SUNNINGDALE 2 MEDICAL CENTRE

HIGH COURT OF ZIMBABWE

MUNANGATI-MANONGWA J

HARARE, 17 September & 8 November 2024

Opposed Matter

A A Makore., for the applicant

K Shonhayi, for the respondents

MUNANGATI-MANONGWA J: 	The applicant approached this court seeking registration of a Designated Agent ruling in terms of s 128 (1) of the Labour Act [Chapter 28:01] for enforcement purposes.

The facts of the case revolve around the following synopsis.  The applicant was employed by the respondent as a receptionist on a contract earning US$300 per month with no transport allowance.  He was employed in 2014 and his contract was terminated in November 2017.  His termination was effected verbally and he was summarily dismissed without notice thus constituting an unfair dismissal. He was not served with any letter stating a charge which might have formed the basis of his dismissal.

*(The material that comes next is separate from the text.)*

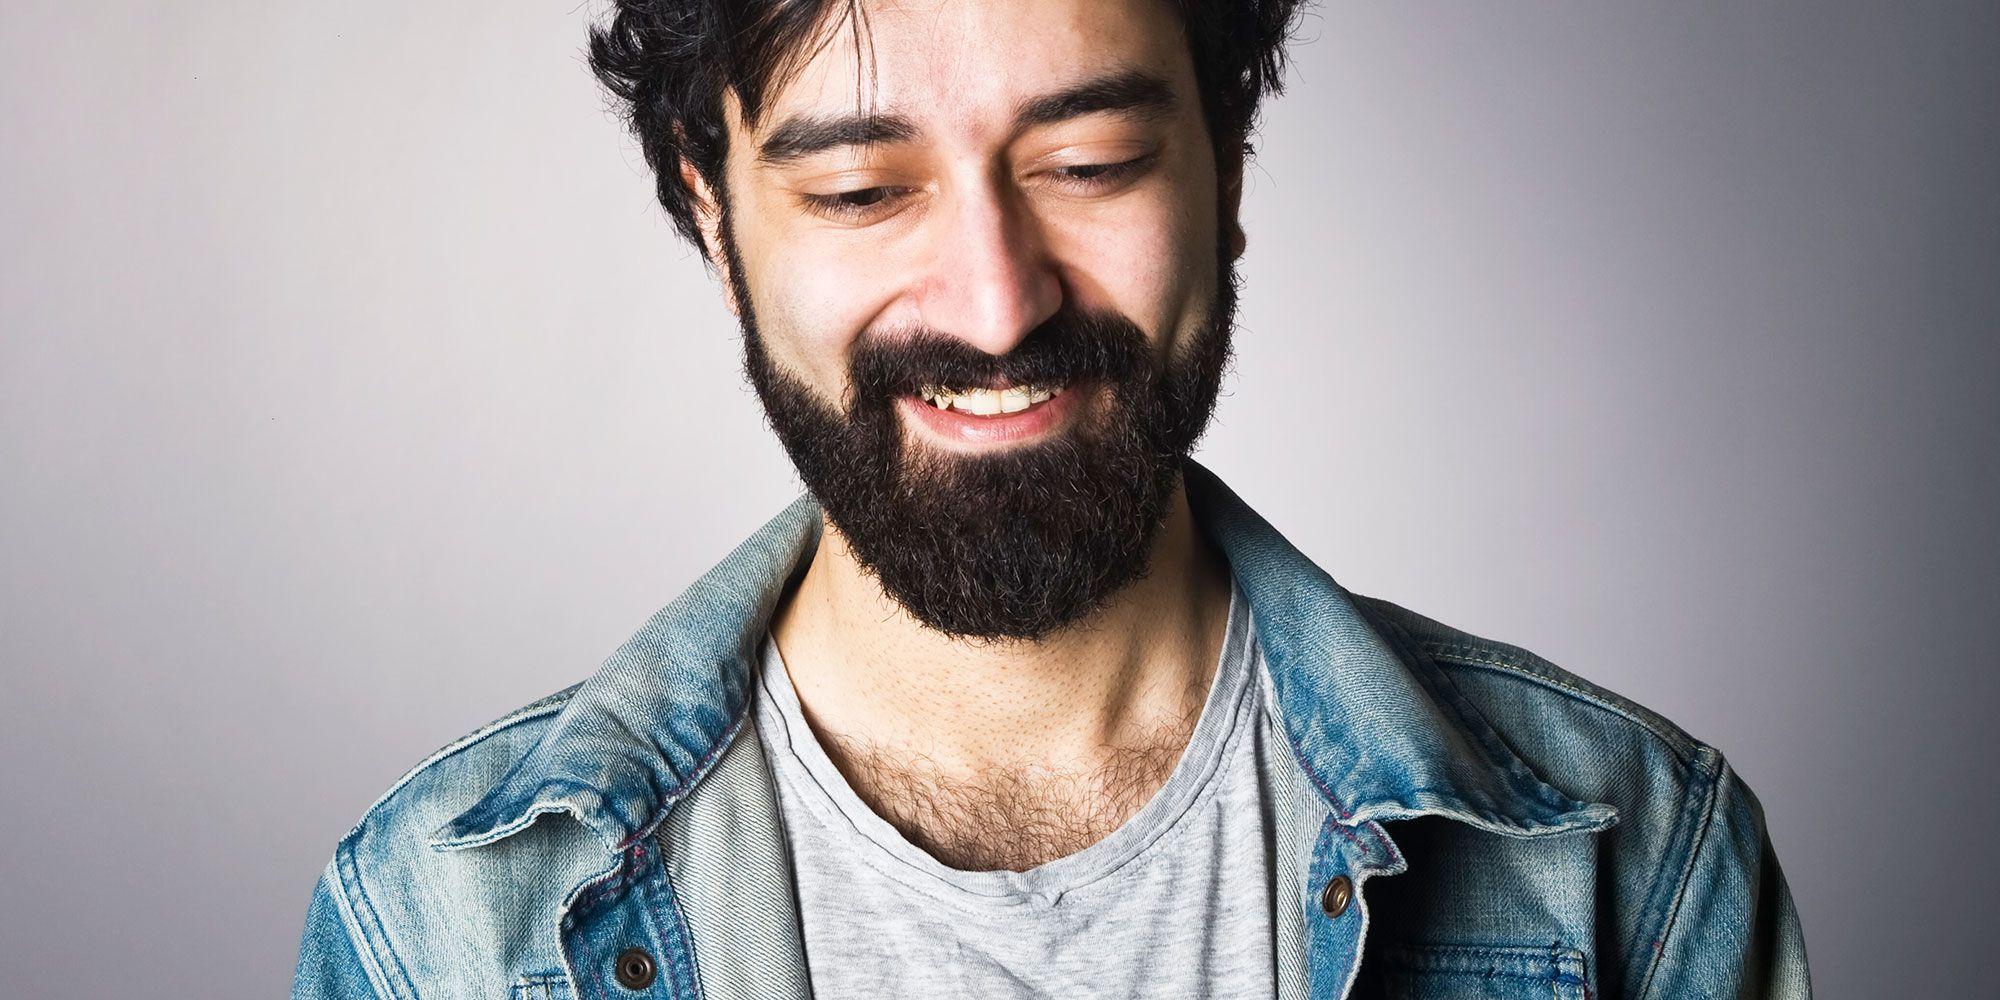 Here's How To Grow A Beard
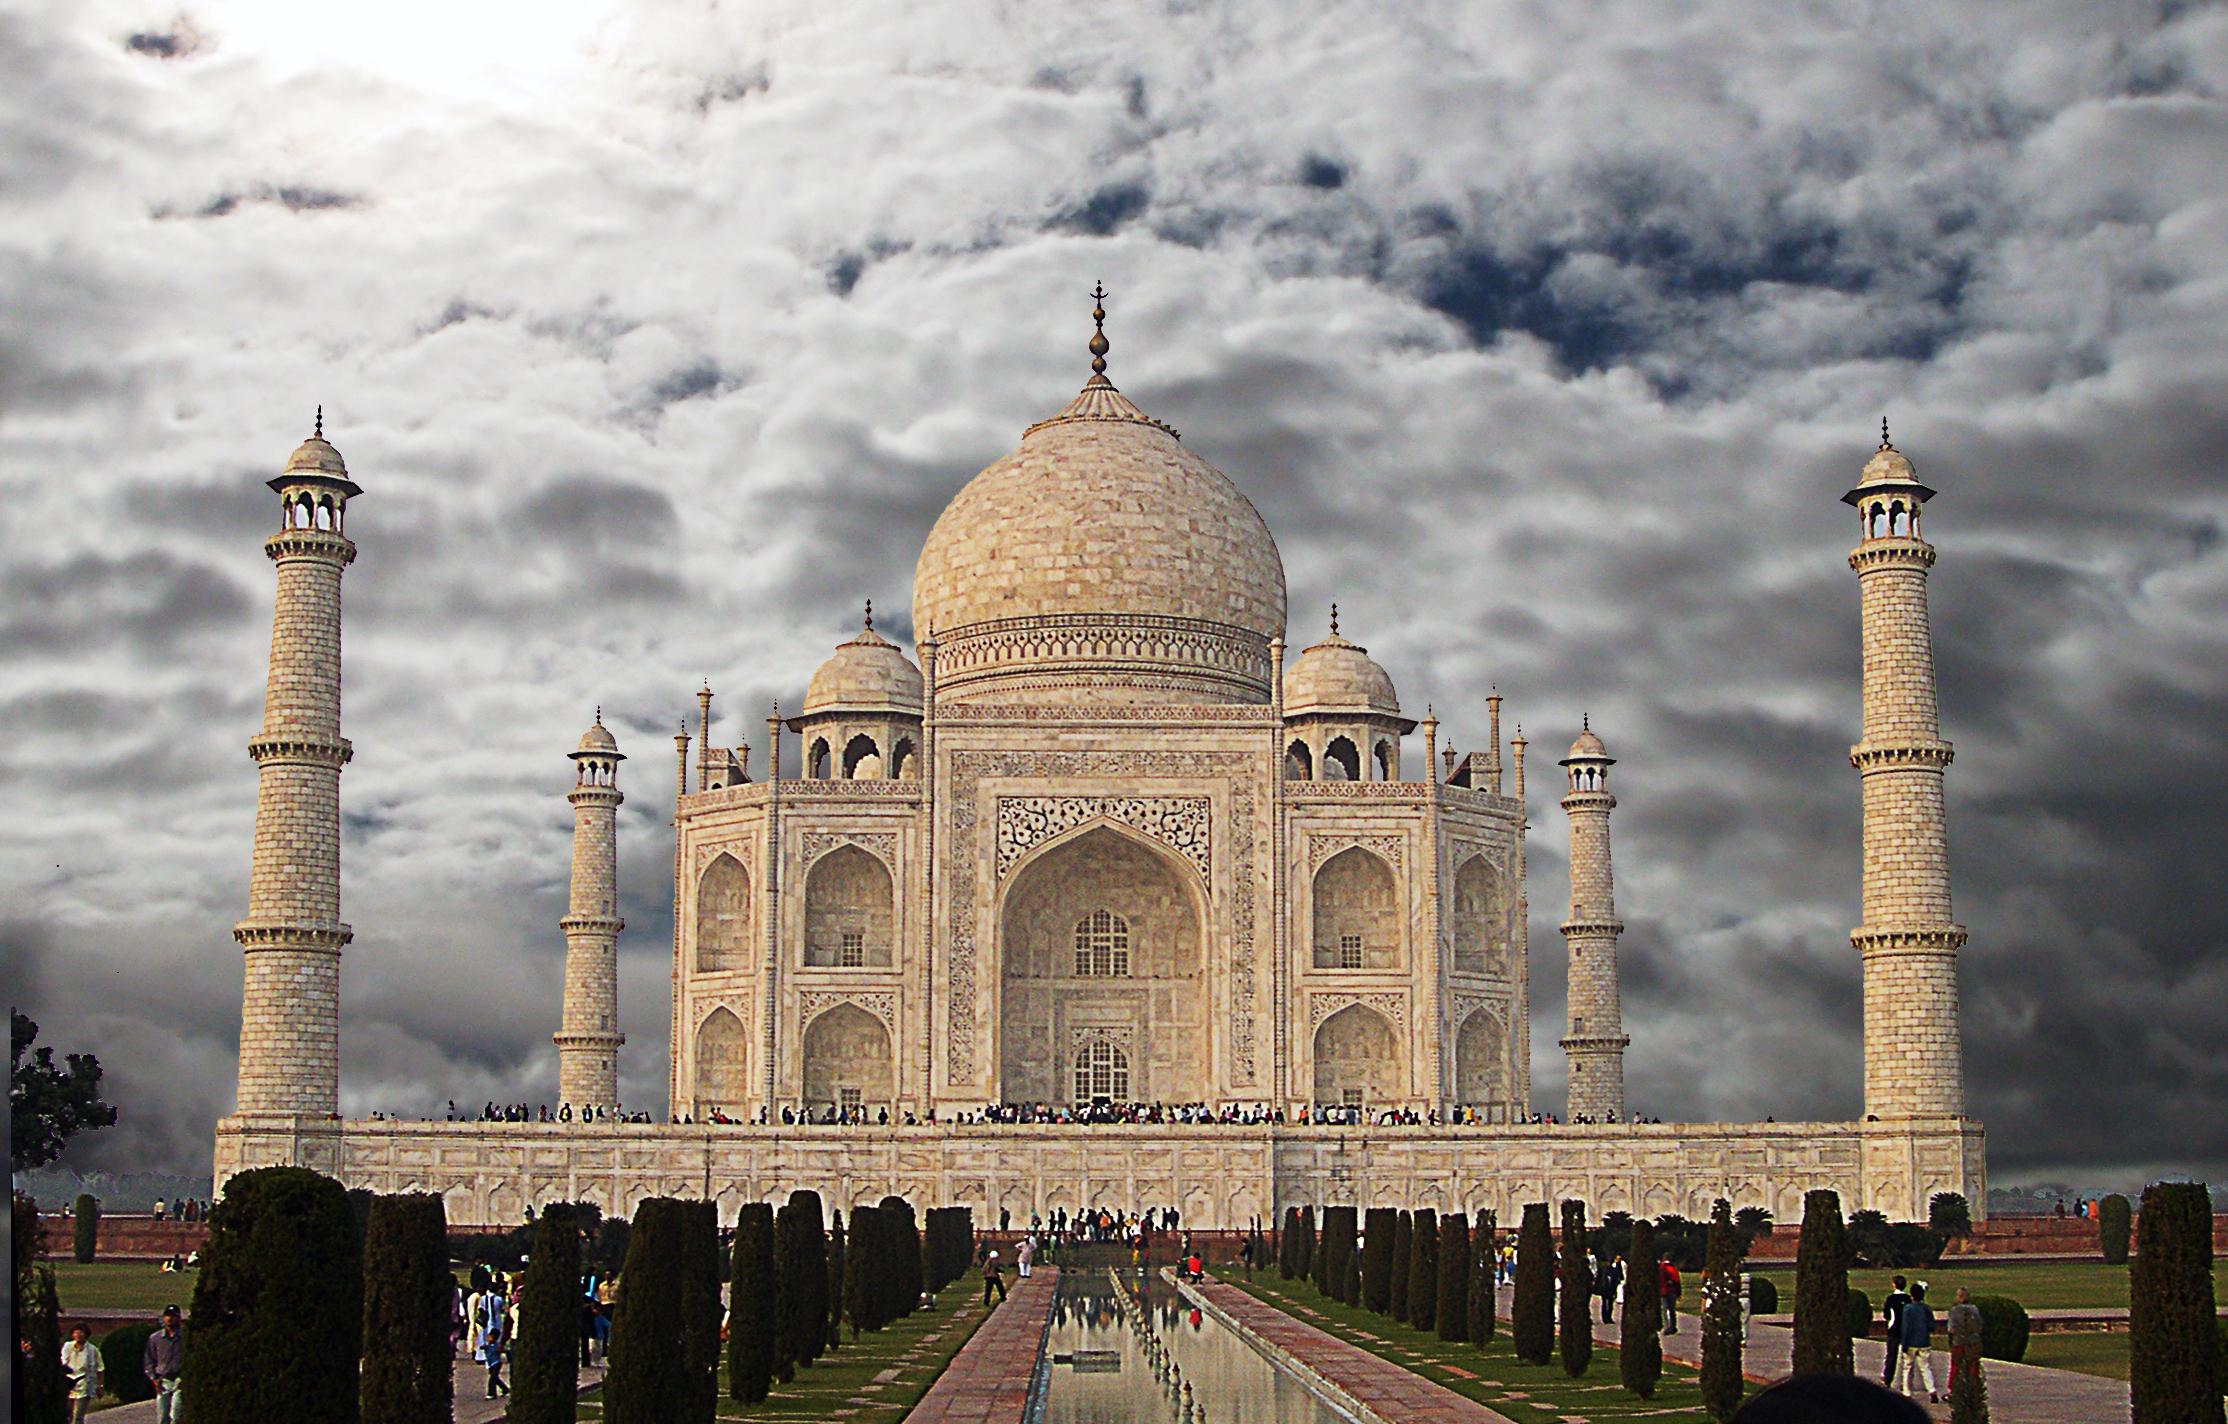 File:Cielo de el Taj Mahal.jpg - Wikimedia Commons

Aggrieved by the dismissal, the applicant referred the dispute to the National Employment Council for the Medical and Allied Industry. The terms of refence were unfair dismissal, underpayment and non-payment of leave days. The designated agent one MaryGrace Chikomwe heard the matter and delivered her ruling on 19 October 2018. The applicant was awarded monetary benefits and other relief as follows;

US$3 520 for underpayment of wages and transport allowances.

US$2 280 for notice pay and cash in lieu of leave.

Reinstatement to his position without loss of salary and benefits. In case reinstatement was no-longer tenable, the parties were to negotiate on the damages.

However, despite having knowledge of the ruling, the respondent neglected to pay the applicant the amount awarded to him for five years. The designated agent made several efforts in 2018, 2020 and 2023 to have the ruling confirmed by the Labour Court, but the matter kept on being postponed and removed from the roll. The applicant avers that the ruling has become automatically confirmed in terms of s 128 of the Labour Act.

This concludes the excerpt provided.